The very first enlargement I ever made was in black and white. I’ll never forget that moment as I watched the image slowly reveal its tones of gray, white and black as I swished the developer in a red 11×14 plastic tray. (How many of you are smiling right now because you have the same memory?) The magic, amazement, science, befuddlement and excitement of the moment was running through my mind for 90 seconds as it developed. I gingerly used a pair of bamboo tongs with rubber grippers to grab the print from its home. I suspended it in air for 15 seconds as I let the developing solution drip back into the tray and then slowly slipped it into the stop bath. There it lived for another 30 seconds. I grabbed a different pair of tongs, let the excess fluid drip from the surface and gently laid the print into the fixing solution. I had to leave it for three minutes before I could bring it into the light and study what I had created. It seemed like hours. The timer went off and, using a third pair of tongs, I let the hypo drip from the print. I placed it into a fourth empty tray, and with anticipation, I brought the print into the light. Yes, it was magic. From that moment, I was hooked.
I’ll always have a special place in my heart for black and white as I spent many a day and night listening to great music, inserting negatives into the enlarger, exposing prints and repeating the process. I graduated from 8x10s to 11x14s and wow, what a difference. Time went on, and I progressed to 16x20s. Man, was I ever nervous making my first “Big Boy” enlargement. I worked on test strip after test strip to make sure that when I placed that big boy piece of photo paper under the enlarger, it was going to work.
Then, digital photography came upon the scene, and I broke down my darkroom. Being nostalgic, I still have all my gear in the crawl space of my basement, and I’ll never get rid of it. But I still thirst to make black-and-white images. If you have the same craving, fire up Photoshop and apply the tips below. Being a devoted darkroom inhabitant, I’m reluctant to admit it, but the tools in Photoshop make it very, very easy to turn out top quality black and whites.
Click on the B&W Adjustment layer in Photoshop and the screenshot you see below will appear. What needs to be done is straightforward and, combined with a few Levels or Curves adjustments, gorgeous images will be produced.
The B&W adjustment layer can be accessed in one of two ways:
- Along the options bar at the top of the Photoshop workspace, go to IMAGE>ADJUSTMENTS>B&W.
- At the bottom of the layers palette, click on the half-white, half-black circle and scroll down to Black and White.
Using either method to access the adjustment layer, the B&W panel appears. In the Preset drop-down option box, leave it at DEFAULT unless you want to apply a color filter. What a color filter does to the tones in a black and white is beyond the scope of this week’s tip. You can use the Scrubby slider (the pointed finger with arrows on either side) to adjust the brightness values of each color, but for the sake of simplicity, concentrate on the six color slider arrows to make all your adjustments.
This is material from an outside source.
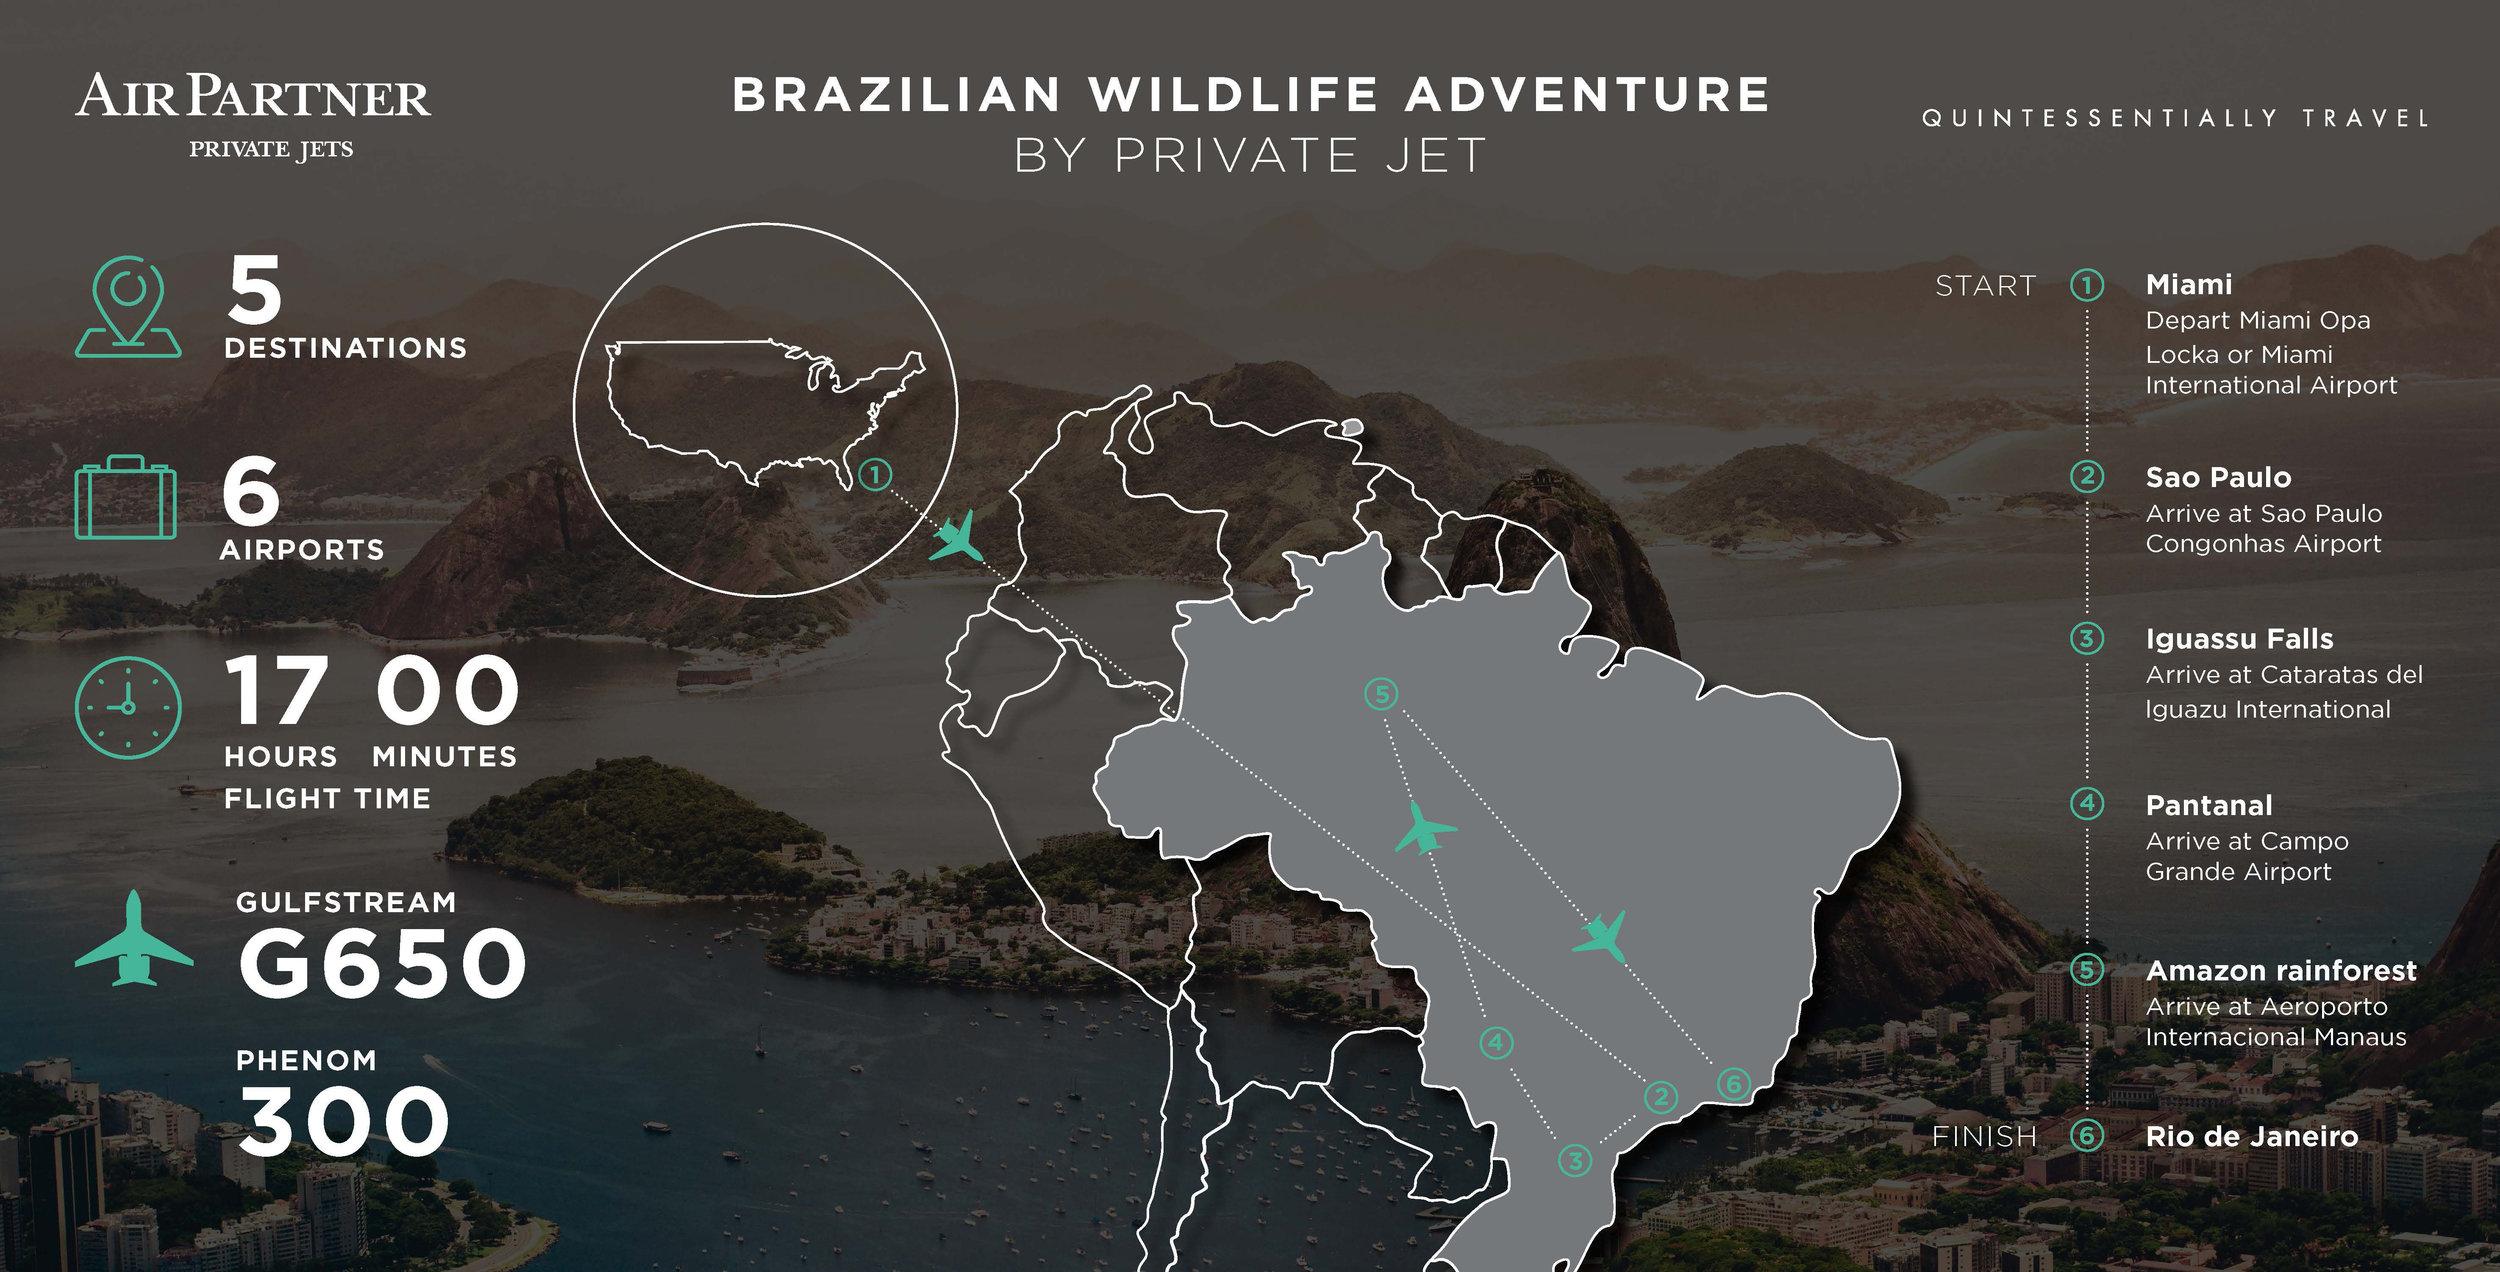 Brazil Wildlife Adventure by private jet using jet card membership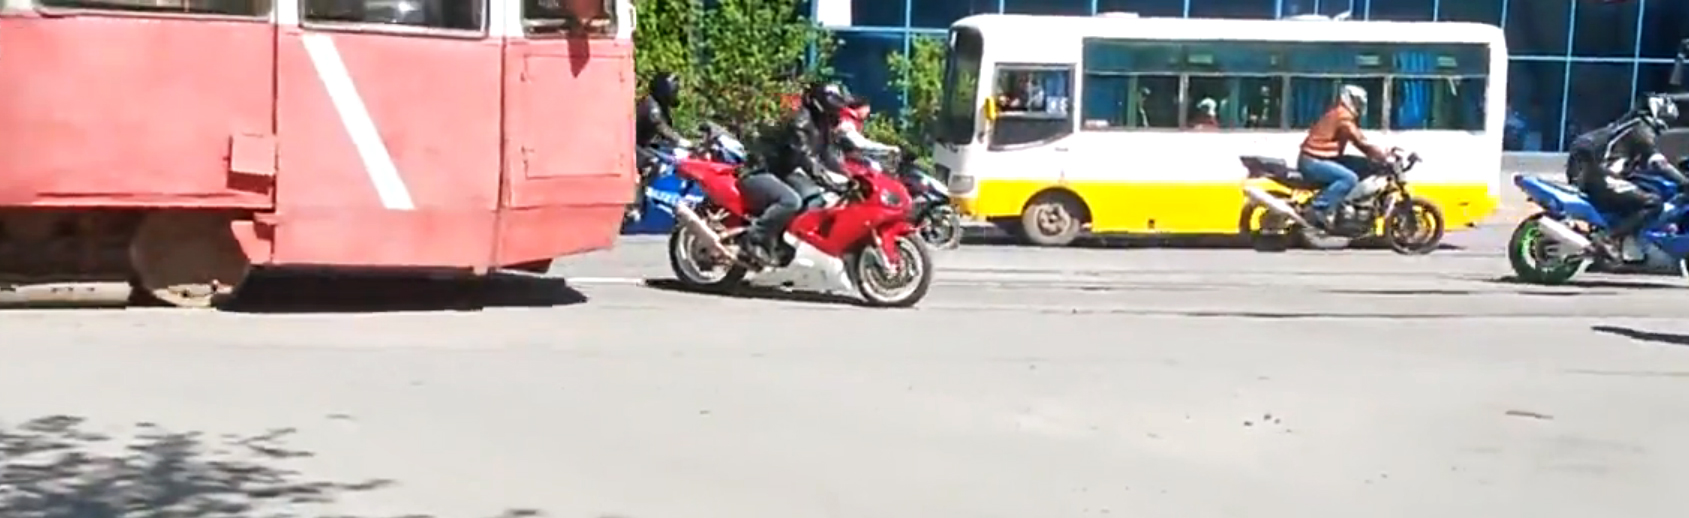 Accident incredibil in Kazahstan. Un tramvai fara vatman a intrat in plin in motociclisti. VIDEO

The way the sliders work is straightforward. Each color relates to the existing color that lives in the original version of the photo. For instance, if you move the slider under the red bar to the right, any color in the original that contains a red value will be brightened. Conversely, if you move that slider to the left, any color in the original that contains a red value will be darkened. It doesn’t get much easier than that. The next color down is yellow. Move the yellow slider to the right to brighten any yellows and to the left to darken them. Continue using each slider until you adjust them all. If you don’t see any changes, it means that the color in the original that relates to the slider you’re adjusting doesn’t exist in the original image.
If you’re just getting started using the B&W Adjustment Layer or never worked in a black-and-white darkroom, know that images with lots of clouds and interesting skies are great candidates on which to experiment. Dive into your color files and look for photos that contain dramatic skies and use them to get started using the B&W adjustment layer. Once you get immersed into the medium, when you convert an image to black and white and it makes you smile, you’ll frequently think, Color Be Gone.